Слова вырезаны на коже, словно на холсте, и их наверняка больше, чем несколько десятков, но Хлоя успевает увидеть «любовь», «боль» и «прощение» — последнее самое свежее; кажется, что коснись она его — и он закровит.
Она замечает и другие отметины — засечки или зарубы, кое-где мелкие круглые пятна от ожогов; на бедрах Брук нет ни одного живого места; и Хлое страшно представить, как выглядит кожа между них.
Скотт одергивает платье и стремительно поднимается с колен; теперь Хлоя может видеть только ее спину и ворох красно-желтых волос.

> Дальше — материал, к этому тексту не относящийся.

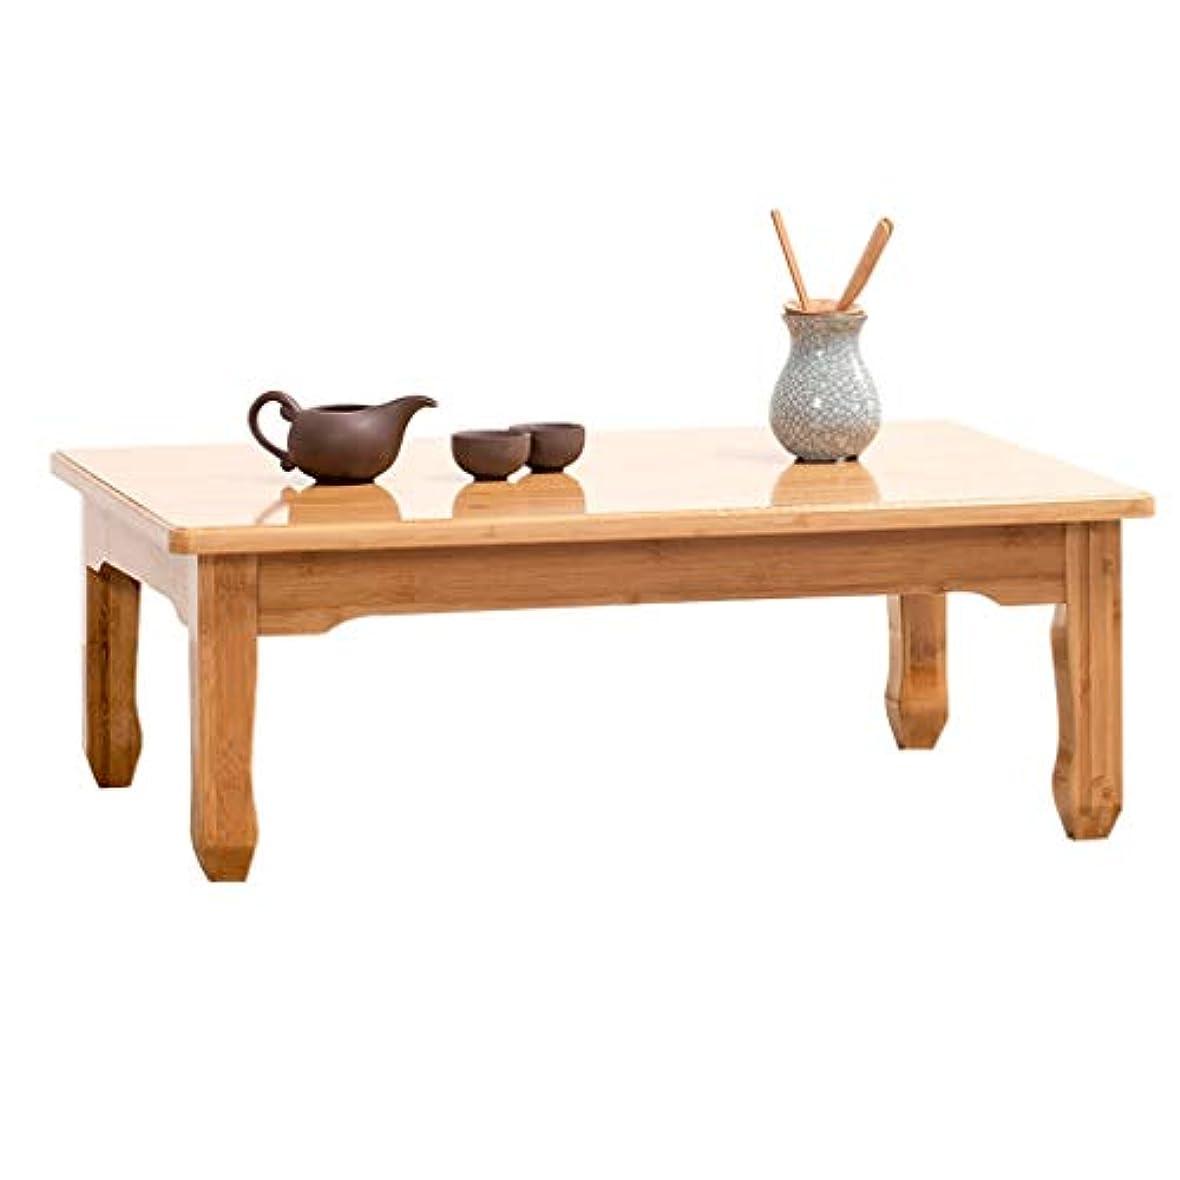 困惑後貞テーブルコーヒーテーブル家庭用畳テーブルバルコニー出窓茶テーブル多機能小茶テーブルリビングルームのテーブルギフト (Color : YELLOW, Size : 80*60*25CM)

— Это неважно, босс, — глухо отвечает она. — Это… ошибки.
— Многовато ошибок.
— Достаточно.
— Для чего достаточно?
Но Прайс уже знает ответ на этот вопрос.
— Для меня.
Брук поворачивается к ней, и Хлоя видит в ее глазах тихую печаль, от которой щемит сердце.
Ей нужно время, чтобы осознать; вид изрезанной кожи не выходит из головы, но даже в таком состоянии она восклицает:
— Но это неправильно! Слышишь?
— Только не надо лекций, — раздраженно говорит Брук. — Не лезь в это. Это тебя не касается.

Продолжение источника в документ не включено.